▸ **BRIEF**
Could you transcribe every record below exactly, leaving out the pictures?

Segment Start: AVAILABLE RECORDS

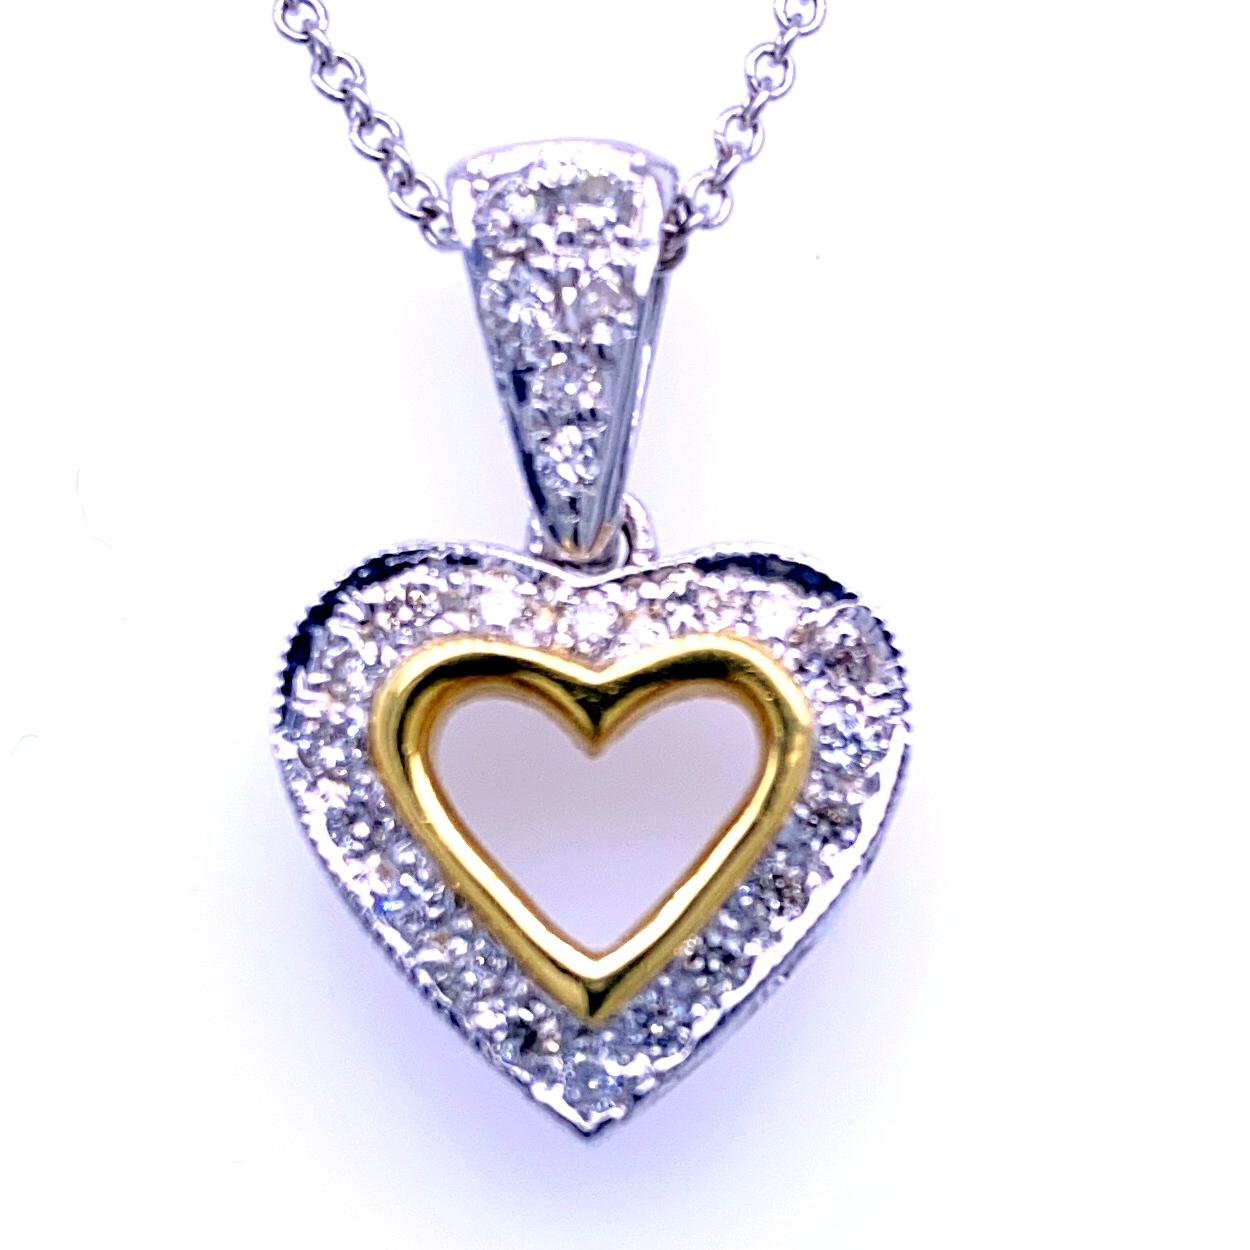 18K Gold Heart shaped Pendant with Pave Set Halo and Bale with total weight of 0.42 Ct. 
Total Diamond Weight: 0.42 Ct
Total Necklace Weight: 4.50 gr
Pendant Size 14.3x14.3 mm (22 mm height)
Chain is not included
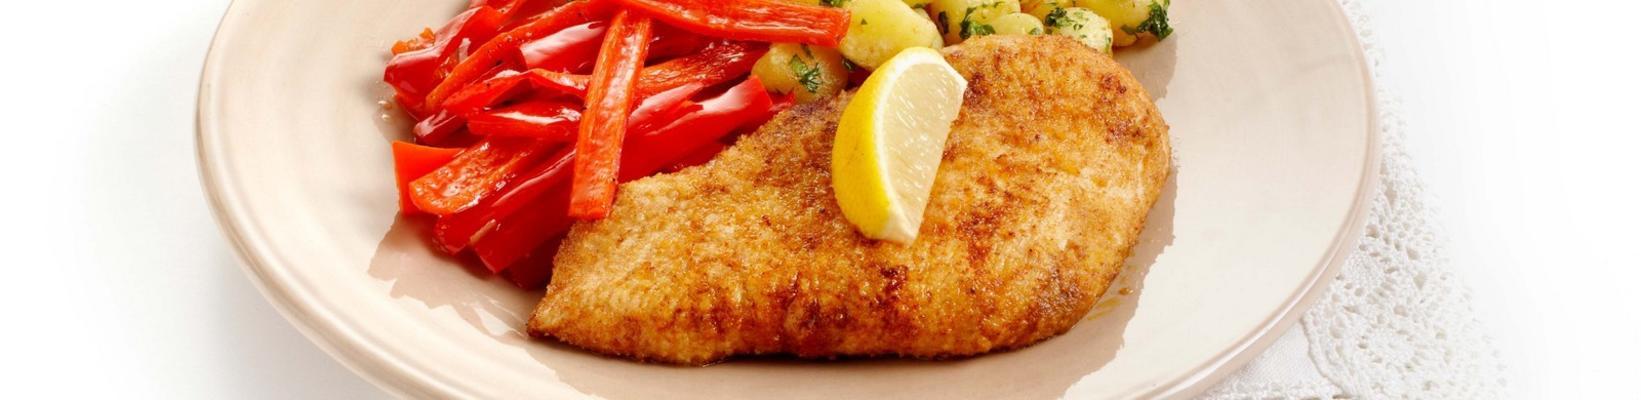 turkey schnitzel with red peppers and parsley jars
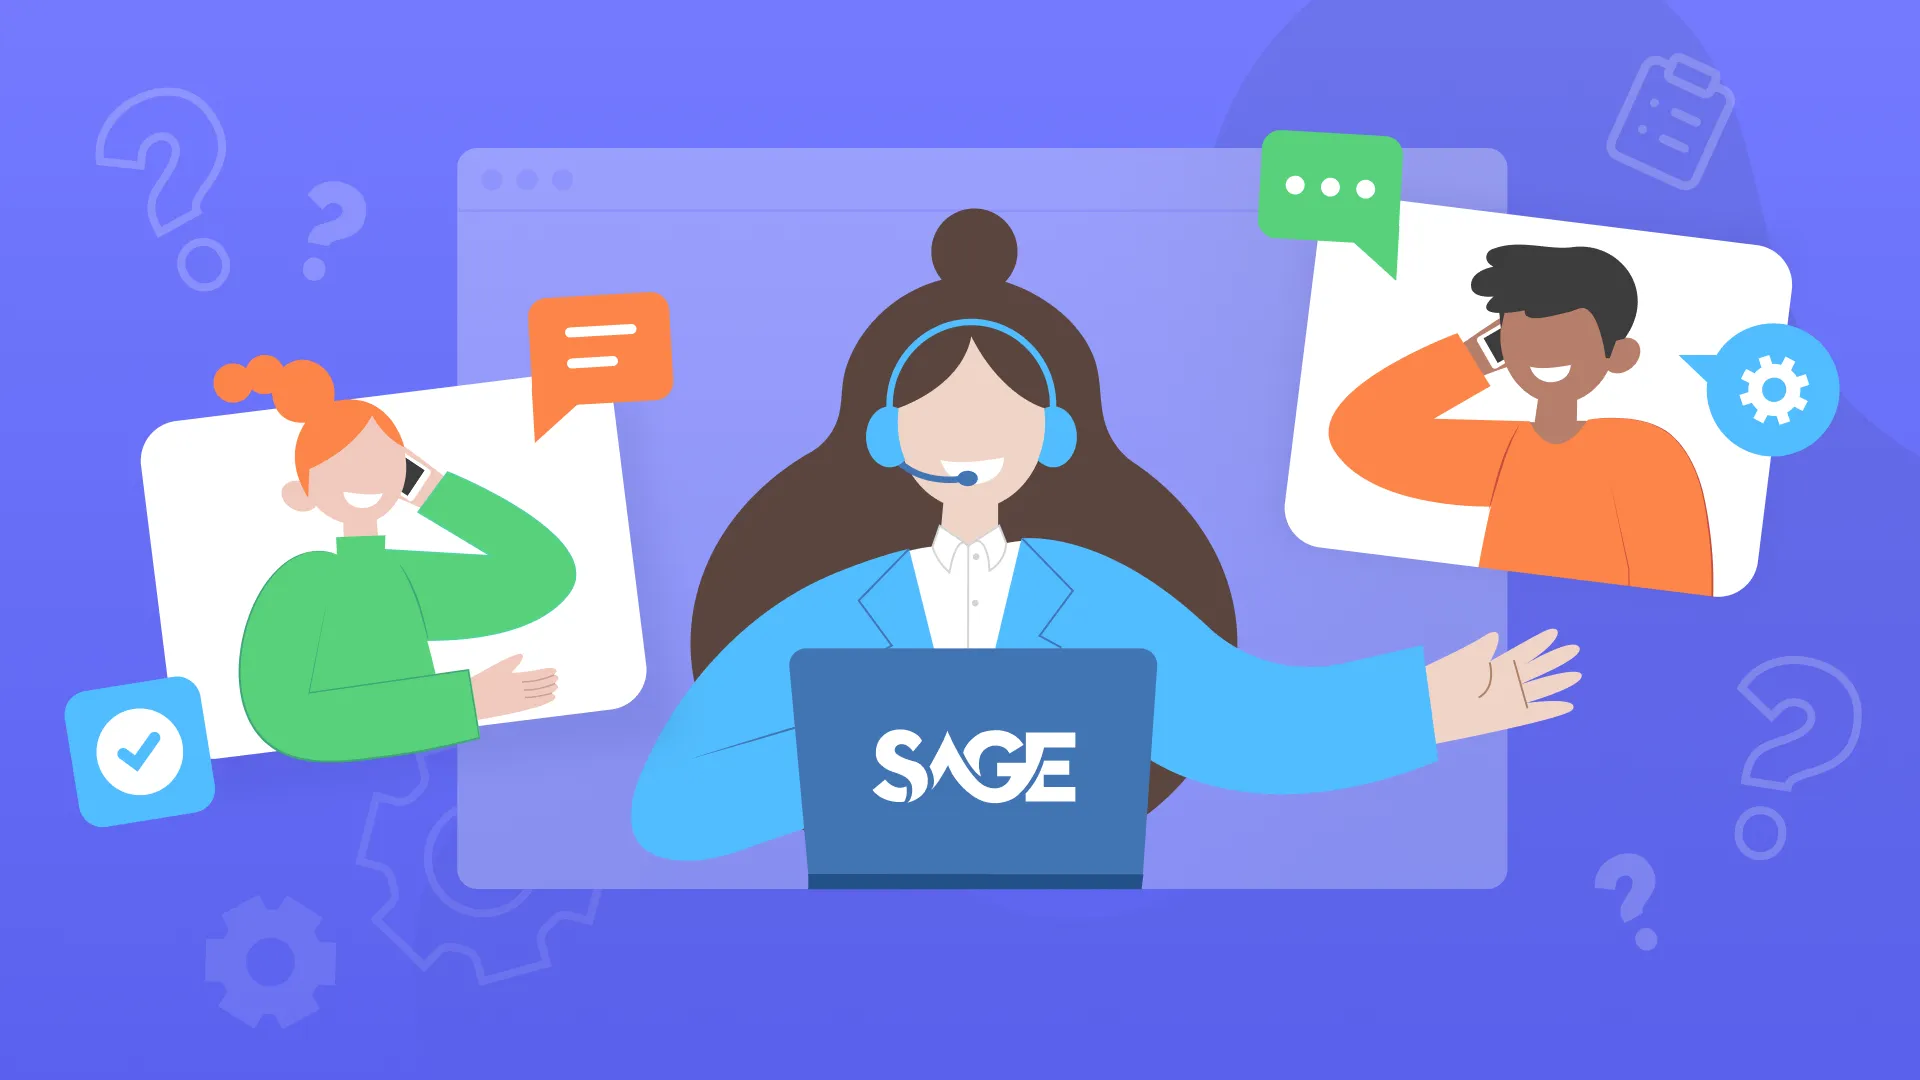 Writing An Excellent Support Ticket to Sage Digital Agency

Segment End: AVAILABLE RECORDS

▸ **ANSWER TO THE EXERCISE**
 18K Gold Heart shaped Pendant with Pave Set Halo and Bale with total weight of 0.42 Ct. 
Total Diamond Weight: 0.42 Ct
Total Necklace Weight: 4.50 gr
Pendant Size 14.3x14.3 mm (22 mm height)
Chain is not included
 turkey schnitzel with red peppers and parsley jars
 Writing An Excellent Support Ticket to Sage Digital Agency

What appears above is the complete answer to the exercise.